- **YOUR GOAL**:
All the lines below should be set down exactly, with no picture carried into the copy.

- **DATASET EXTRACT**:
▼

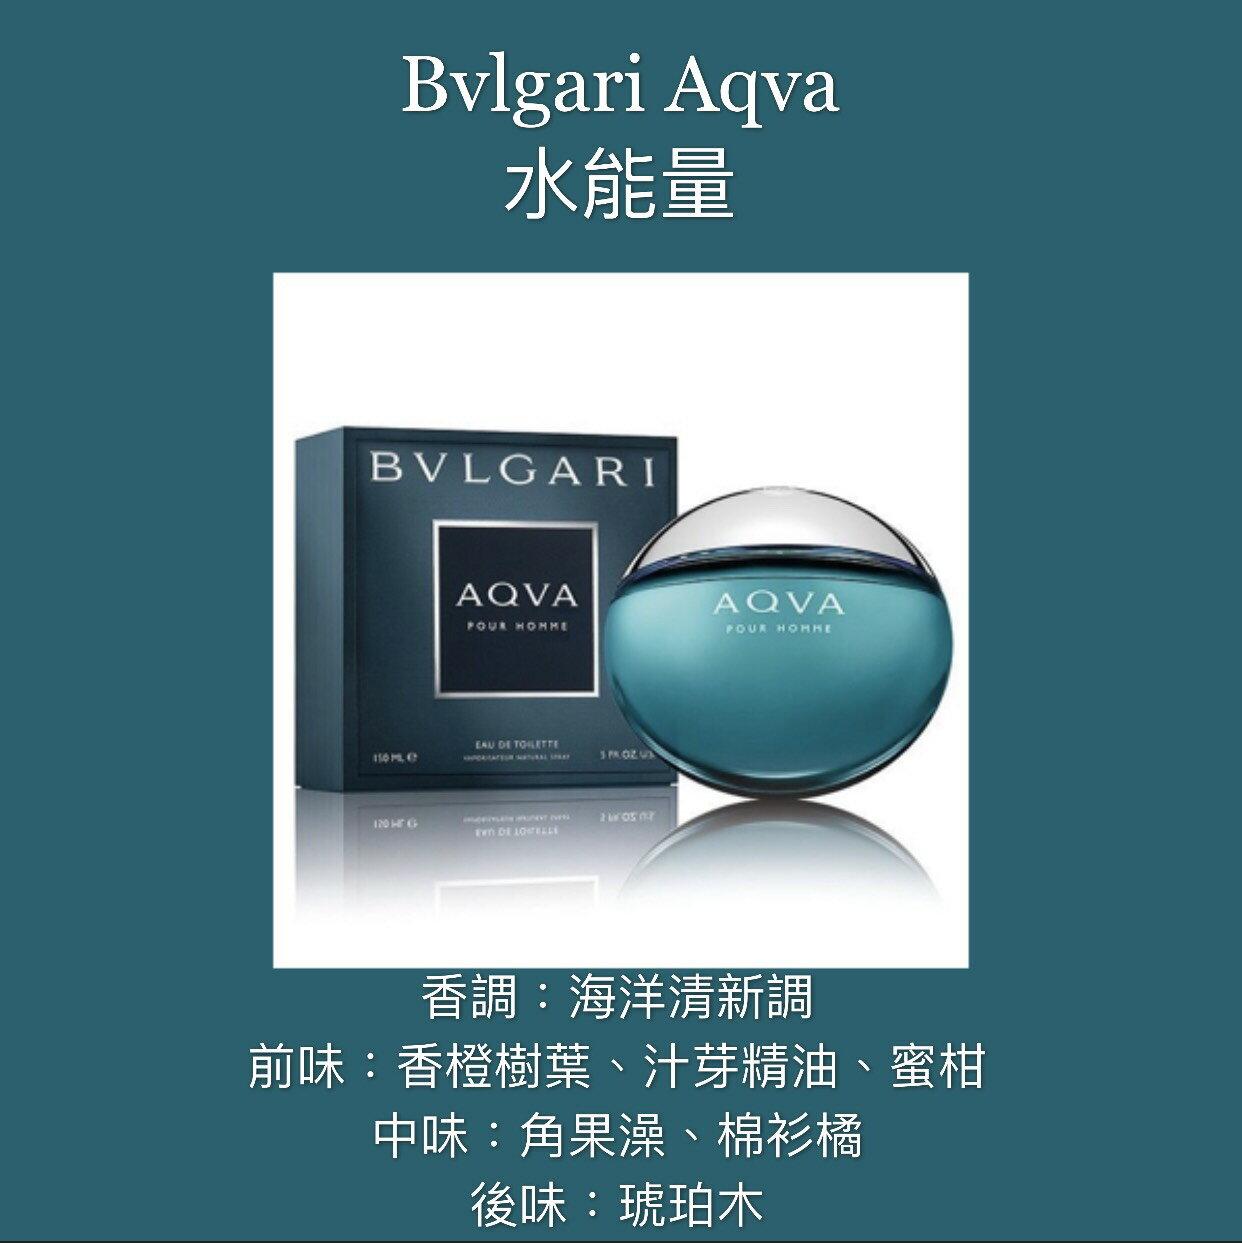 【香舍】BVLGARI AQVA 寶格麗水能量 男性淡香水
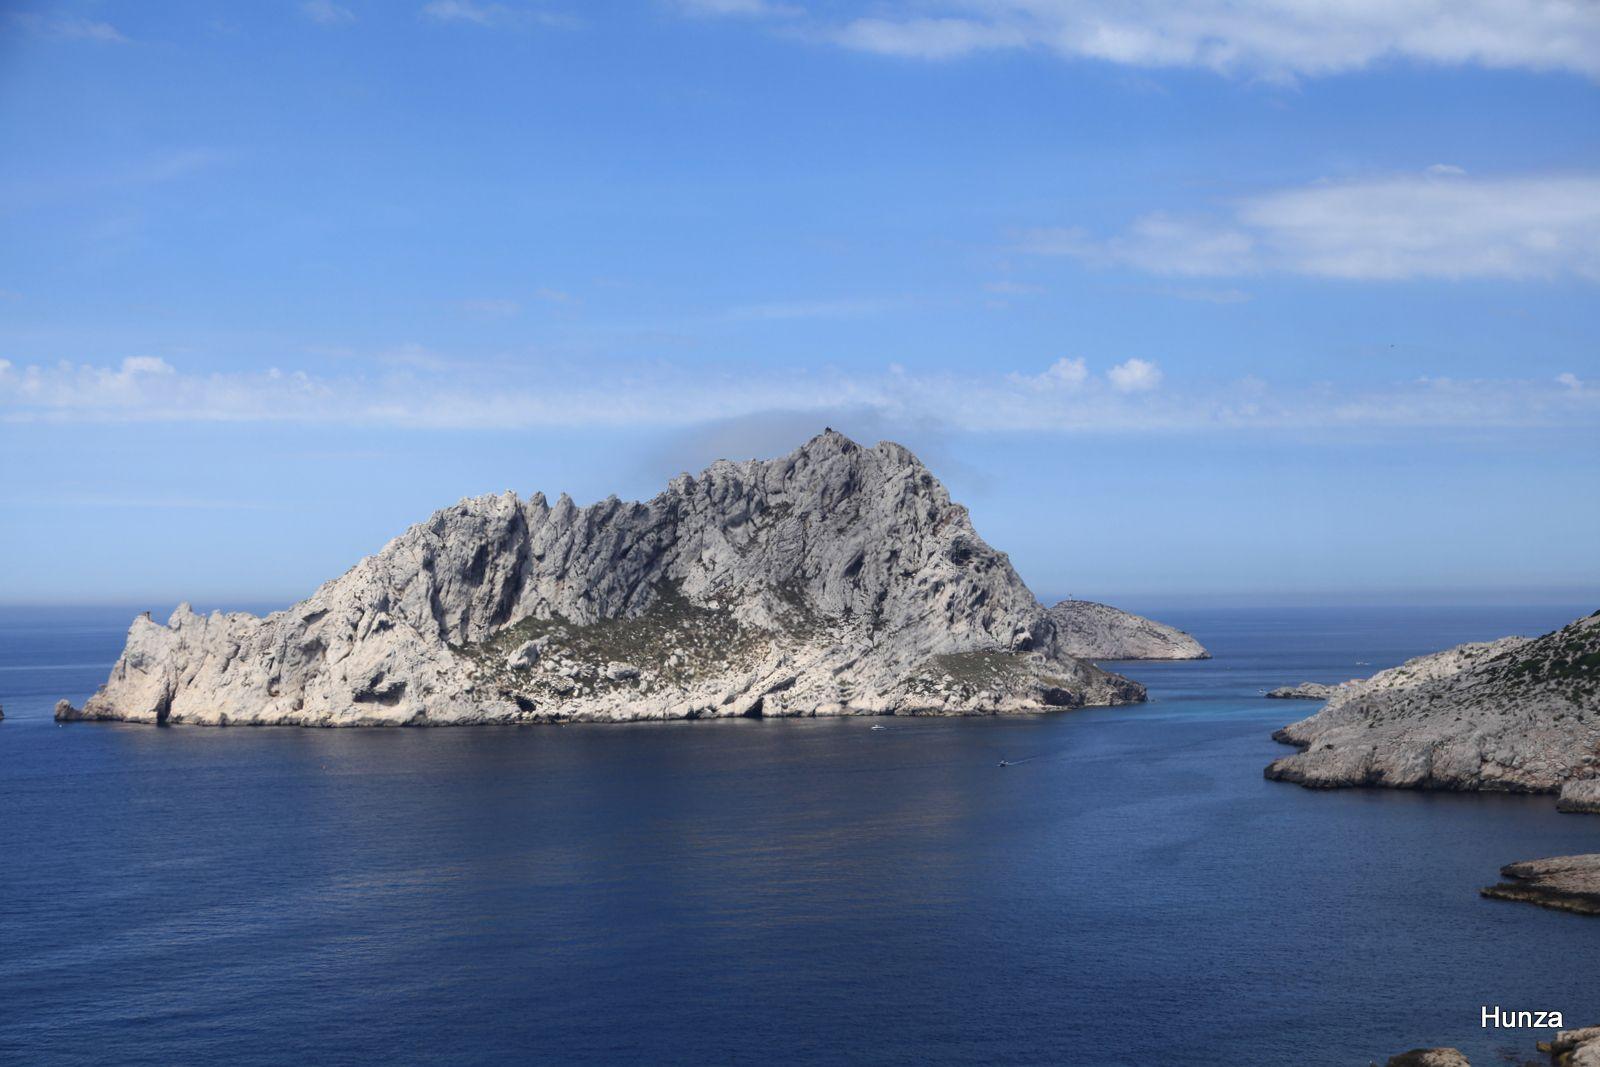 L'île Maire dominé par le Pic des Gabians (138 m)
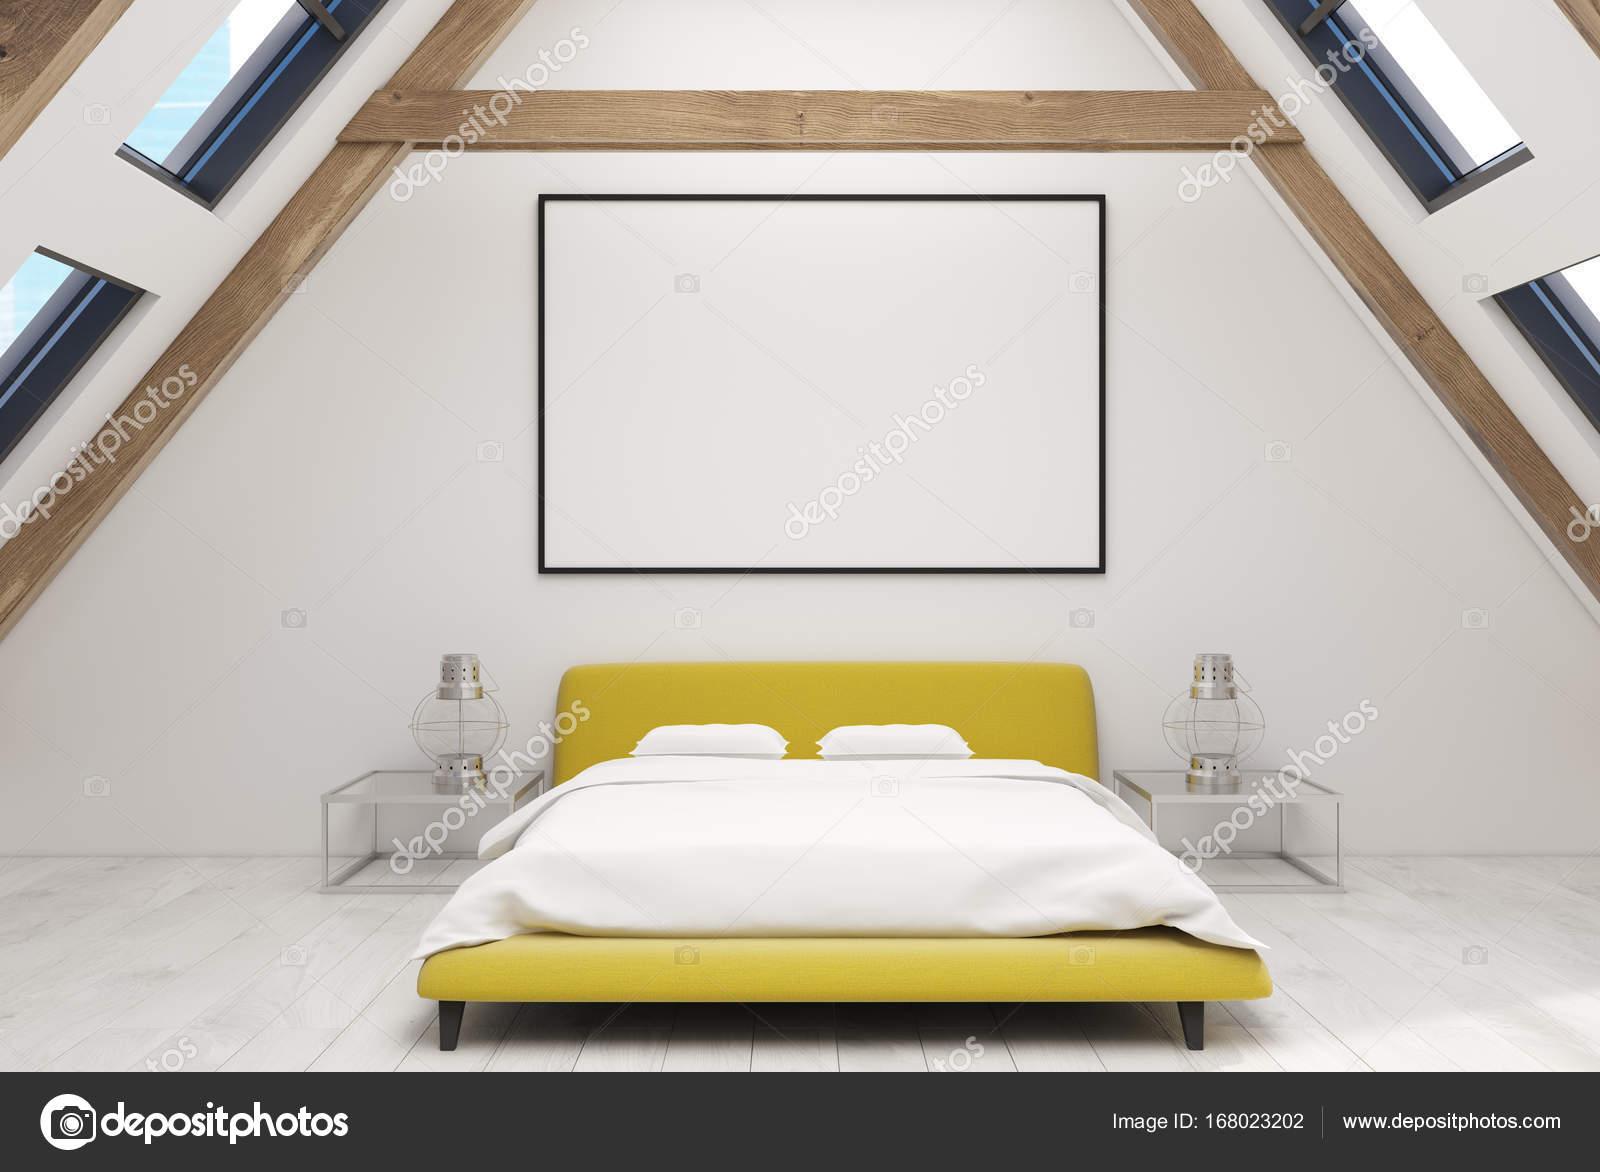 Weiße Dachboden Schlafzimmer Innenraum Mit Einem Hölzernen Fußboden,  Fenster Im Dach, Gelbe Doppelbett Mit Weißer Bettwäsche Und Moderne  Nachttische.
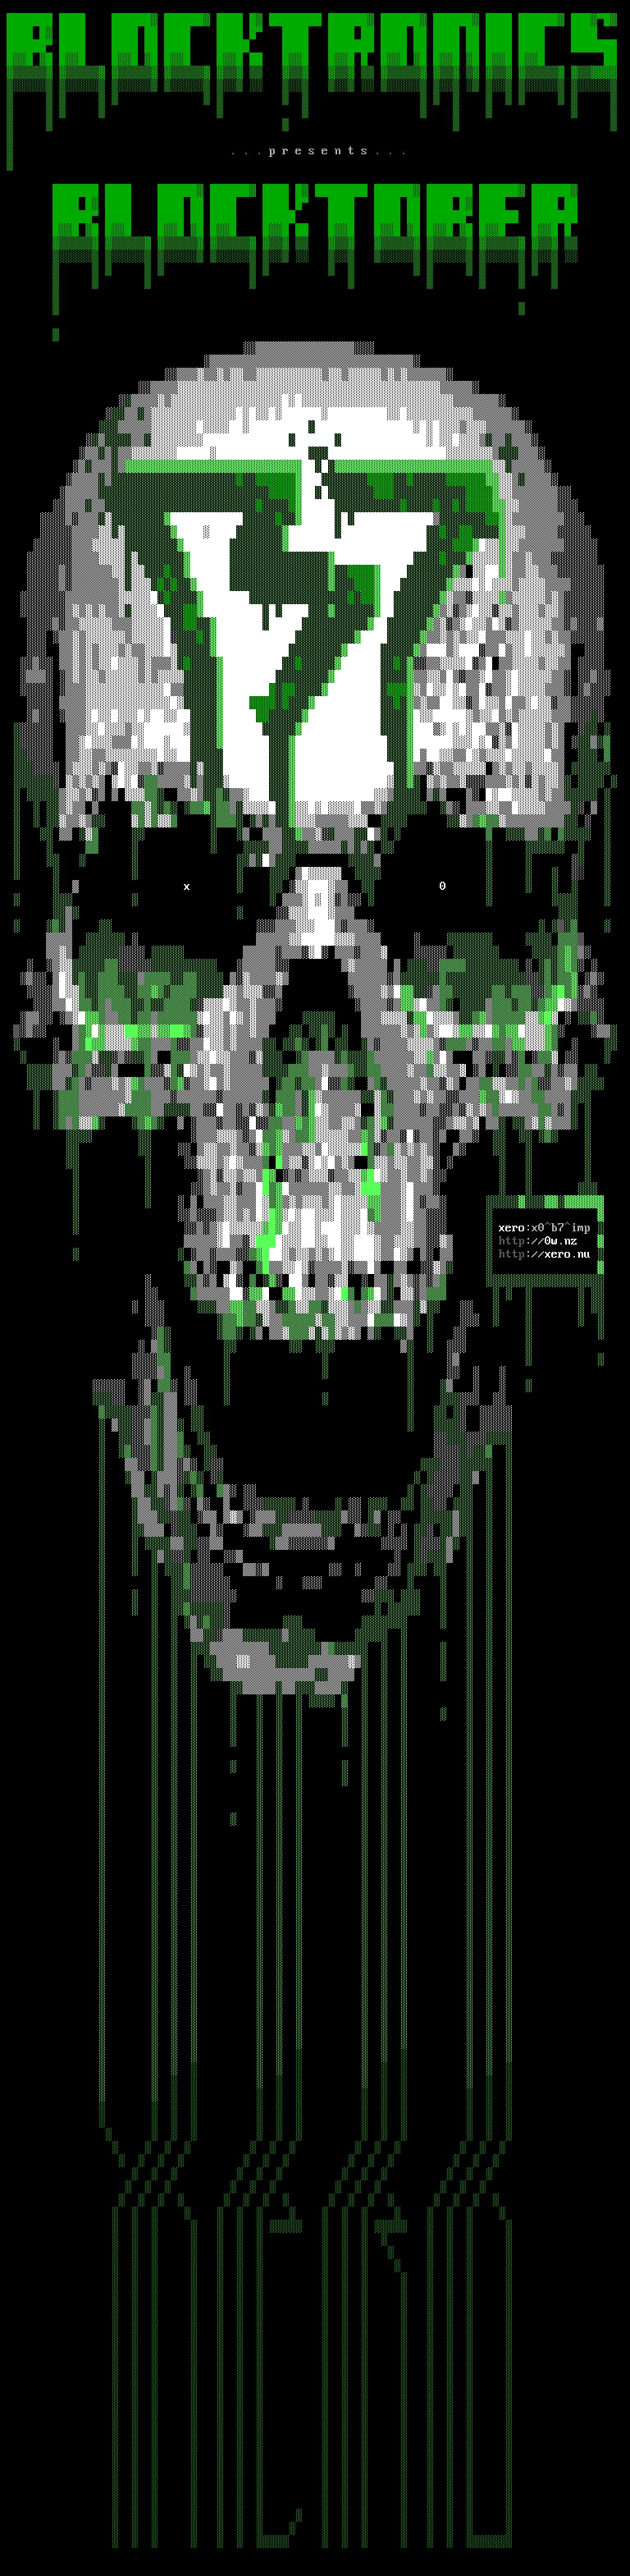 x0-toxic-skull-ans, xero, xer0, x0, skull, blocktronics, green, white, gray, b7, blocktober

▲

- **WRITTEN RESPONSE**:
 【香舍】BVLGARI AQVA 寶格麗水能量 男性淡香水
 L'île Maire dominé par le Pic des Gabians (138 m)
 Weiße Dachboden Schlafzimmer Innenraum Mit Einem Hölzernen Fußboden,  Fenster Im Dach, Gelbe Doppelbett Mit Weißer Bettwäsche Und Moderne  Nachttische.
 x0-toxic-skull-ans, xero, xer0, x0, skull, blocktronics, green, white, gray, b7, blocktober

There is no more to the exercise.